Stanley was a child actor who started his career in radio on the Scottish edition of BBC Children’s Hour.
After gaining a degree at the University of Glasgow, he joined the entertainment services during national service where he met comedy actor Kenneth Williams and film director John Schlesinger. Their influence persuaded him to become a performer rather than a teacher.
He returned to Glasgow and spent the next three years at the Citizens Theatre, where he was highly successful, and later appeared in panto with Jimmy Logan. He left Scotland in 1959 to work in television.
He won a Bafta for light entertainment in 1959, for co-hosting the satirical sketch show On the Bright Side. He won two years running, in 1973 and 1974, for The Stanley Baxter Picture Show, and again in 1981 for The Stanley Baxter Series.
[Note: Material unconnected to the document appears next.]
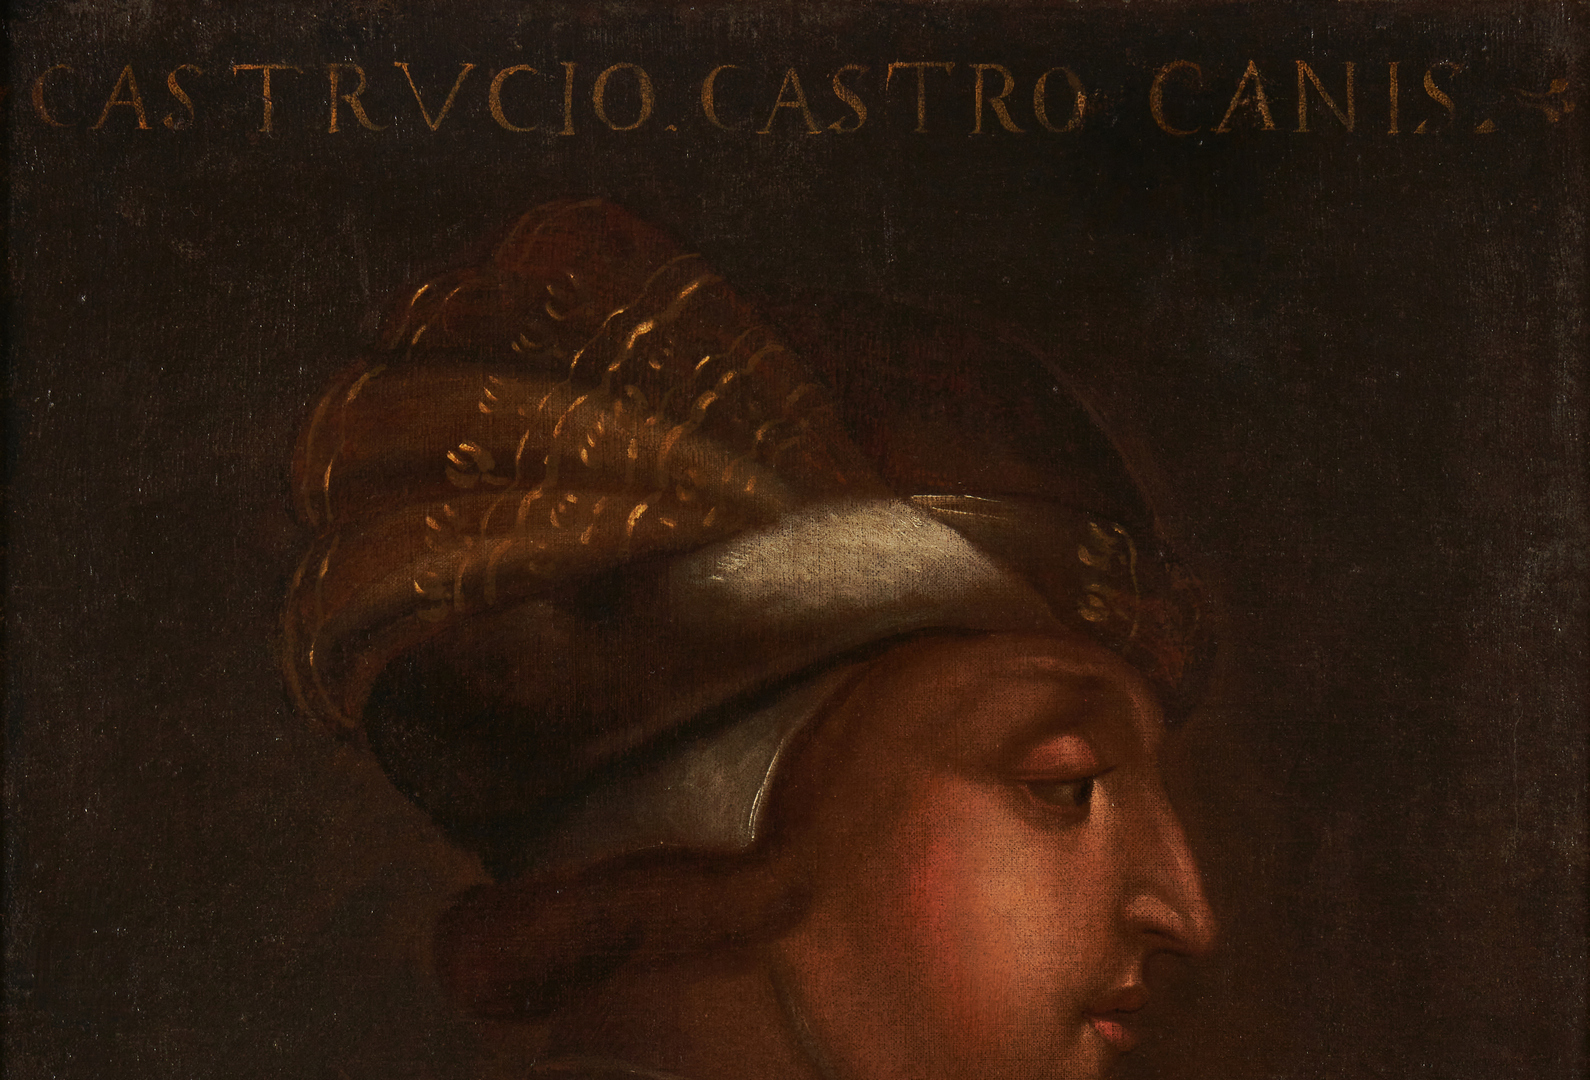 Lot 680: 16th C. Italian Portrait, Castruccio Castricane

Some of his best-loved comedy sketches include Parliamo Glasgow, in which the Glaswegian dialect was presented as a foreign language. It included phrases such as “Izat a marra on yer barra, Clara?” and the uniquely Glaswegian word “Sanoffy”, as in “Sanoffy cold day”.
He remained a favourite of the Scottish panto circuit, often playing the gloriously costumed dame alongside Angus Lennie, Jimmy Logan or Ronnie Corbett, until he retired in 1992.
In 1994 he returned to radio, appearing in plays and sitcoms. In 1997, he was honoured with a lifetime achievement award at the British Comedy Awards. The Stanley Baxter Playhouse ran on Radio 4 from 2006 until 2014.
Even though he retired from TV comedy some 30 years ago, Stanley Baxter continues to hold a special place in the viewing nation’s heart.
He eats well, likes a glass of wine and enjoys a quiet domesticated life. Well into his 80s he was still cycling and swimming. Even when he was in the public eye, he shunned personal publicity, rarely doing interviews or appearing on chat shows.
In his retirement he has written an autobiography but refuses to allow it to be published until after his death, not apparently because it contains any hugely scandalous stories of his celebrity friends, but because he didn’t fancy schlepping round the country doing promotional appearances, press interviews and book signings, let’s hope it is a good few years before it is released then!
A widower since 1997, he says he doesn’t find it difficult to fill his days. “You wonder how you ever had time to work,” he says.
“I miss talking to actors. I can relate to actors better than real people. I have so few friends left. "I suppose I’m a bit of a loner. I’m not the kind of person to drop in on the neighbours.”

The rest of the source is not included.